Truer still to the biology model is the work of Nobel laureate Gerald Edelman, director of the Neurosciences Institute in San Diego. In the 1960s he used evolutionary theory to explain how the immune system rapidly creates antibodies targeted to pathogens it has never encountered. He learned that a variation in the DNA of the cells that make antibodies results in a variety of cell types, each with a unique antibody molecule on its surface. When challenged by a toxin or infection, the immune system screens this population for a match, then swiftly multiplies the clonal cell line that produces the matching antibody. Utilizing a kind of natural selection, the immune system chooses the cell line that is highly equipped to deal with an environmental challenge. “One of the most important ideas Darwin had was population thinking,” Edelman says. “It’s the Darwinian two-step: variation and selection, variation and selection, and so on, down the generations.”
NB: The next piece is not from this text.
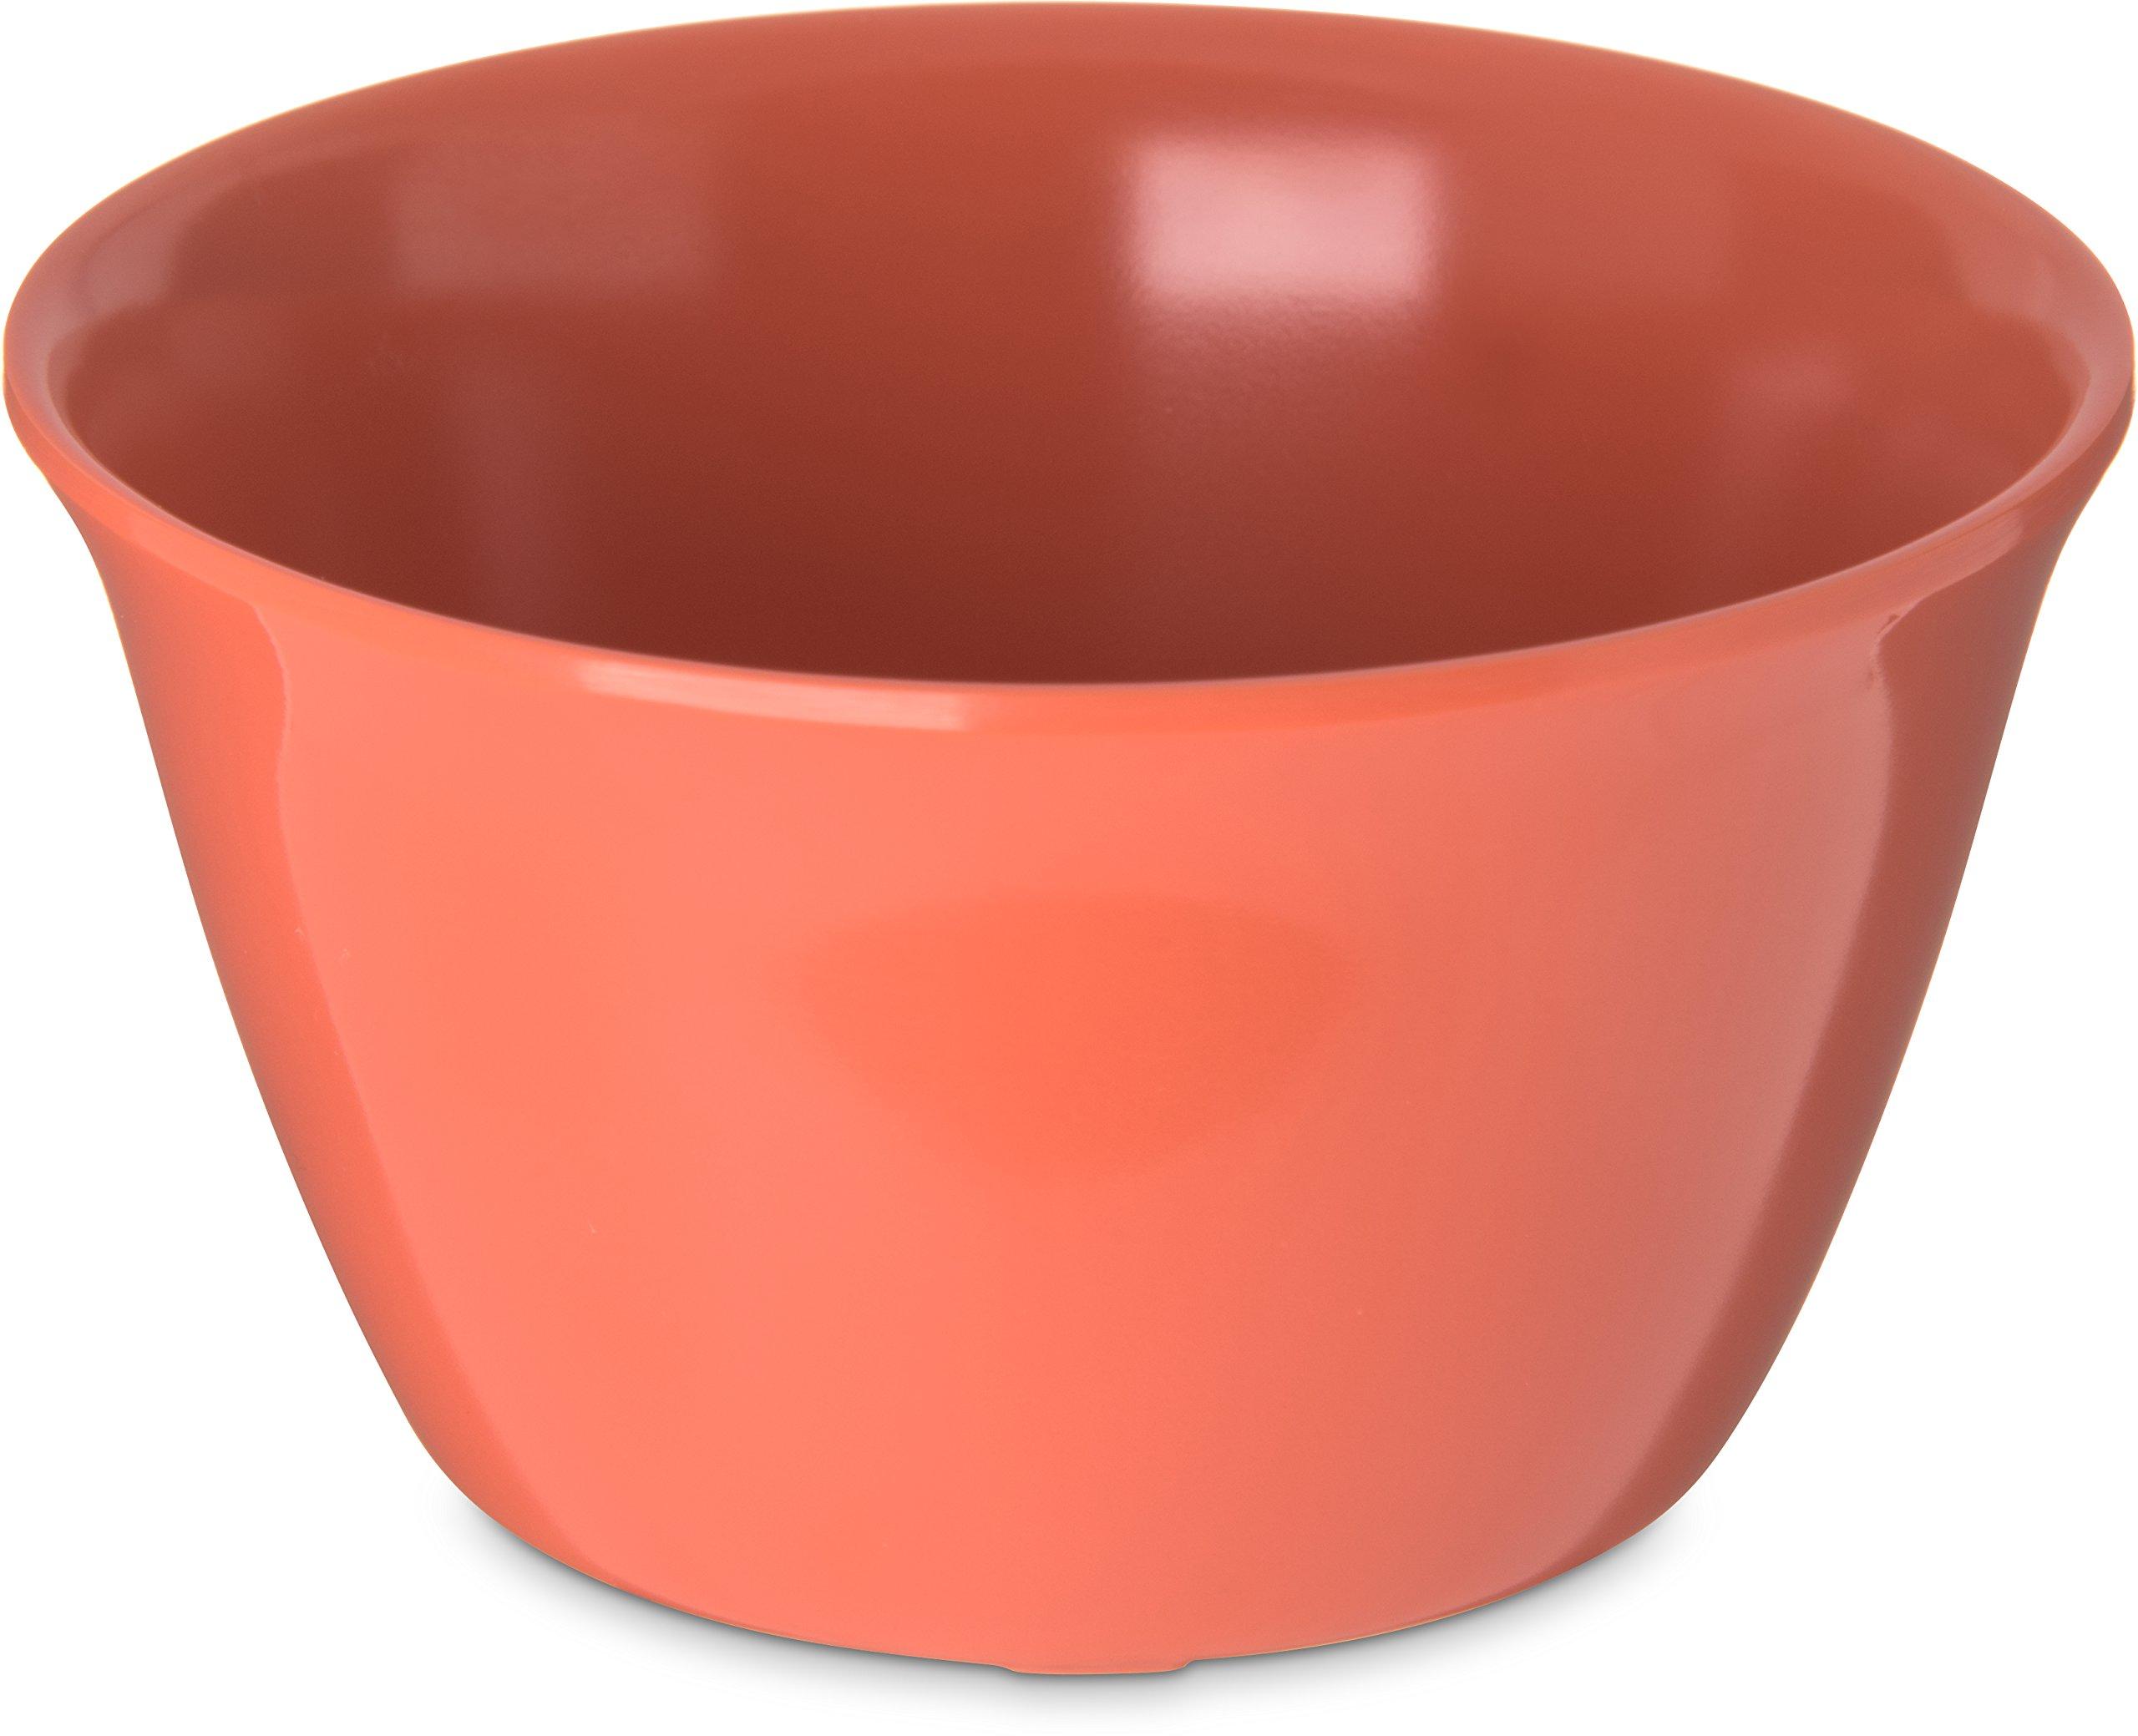 Carlisle 4354052 Dallas Ware Melamine Bouillon Cup, 8-oz. Capacity, 3.84 x 2.15'', Sunset Orange (Case of 24)

In the 1980s Edelman applied the same kind of thinking to brain wiring, showing how memories could be created when interactions with the environment preferentially strengthen the connections between certain populations of neurons. The connections that are not used die out. He calls the theory Neural Darwinism. “My whole career seems to be dominated by Darwin’s thought,” he says. (See the DISCOVER Interview with Gerald Edelman from the February 2009 issue.)

Edelman’s work demonstrates the remarkable applicability of Darwin’s ideas to all aspects of living things. Darwin wrote about how evolution shapes the destiny of whole organisms, but its principles apply to individual cells, too. Cancer cells, for example, compete with native cells for the body’s resources, and the best-adapted ones grow so quickly that they become tumors. “Cancer evolves in our bodies according to principles dictated by natural selection,” says Randolph Nesse of the University of Michigan, a pioneer in the field of evolutionary medicine. Practitioners of evolutionary medicine analyze patterns of disease and morbidity by considering the deep history of our species. From that perspective, it becomes clear that humans are prone to obesity because our bodies evolved in an environment of scarcity, where consuming as much high-energy food as possible was a useful survival strategy. (In a fast-food restaurant, not so much.) An evolutionary perspective also suggests why men die, on average, seven years earlier than women: The factors that maximize their reproductive success also interfere with their long-term health. “Without an evolutionary background, you really can’t get a grasp on why the body isn’t designed better,” Nesse says. “It allows you to answer questions that you otherwise would not be able to answer at all, such as ‘Why does aging exist?’ and ‘Why does sex exist?’?”

According to Helen Fisher and other proponents of evolutionary psychology, the theory of evolution helps them address questions like “What is love?” and “Why do we vote the way we do?” Many evolution­ary psychologists believe that the cognitive and emotional makeup of human beings represents an adaptation to our ancestral environment. Biologist Edward O. Wilson of Harvard University launched the discipline in 1975 with one slim chapter in his book Sociobiology: The New Synthesis, suggesting that insights into animal behavior afforded by evolutionary theory could apply to human animals, too.

Today the evolutionary worldview has expanded into analyses of economics and politics as well as of human mating behavior. It has enriched the “rational choice” model long espoused by economists to explain human behavior in the marketplace. Traditional economic models assume that people act exclusively in their self-interest, just as traditional evolutionary theory describes competition among individuals. But cooperation and altruistic tendencies also show up routinely in studies of economic behavior. People who stand to lose from progressive taxation, for example, may still vote for it. “You can’t predict how people will vote on the issue of income redistribution based on their income,” says economist Herbert Gintis of the Santa Fe Institute in New Mexico.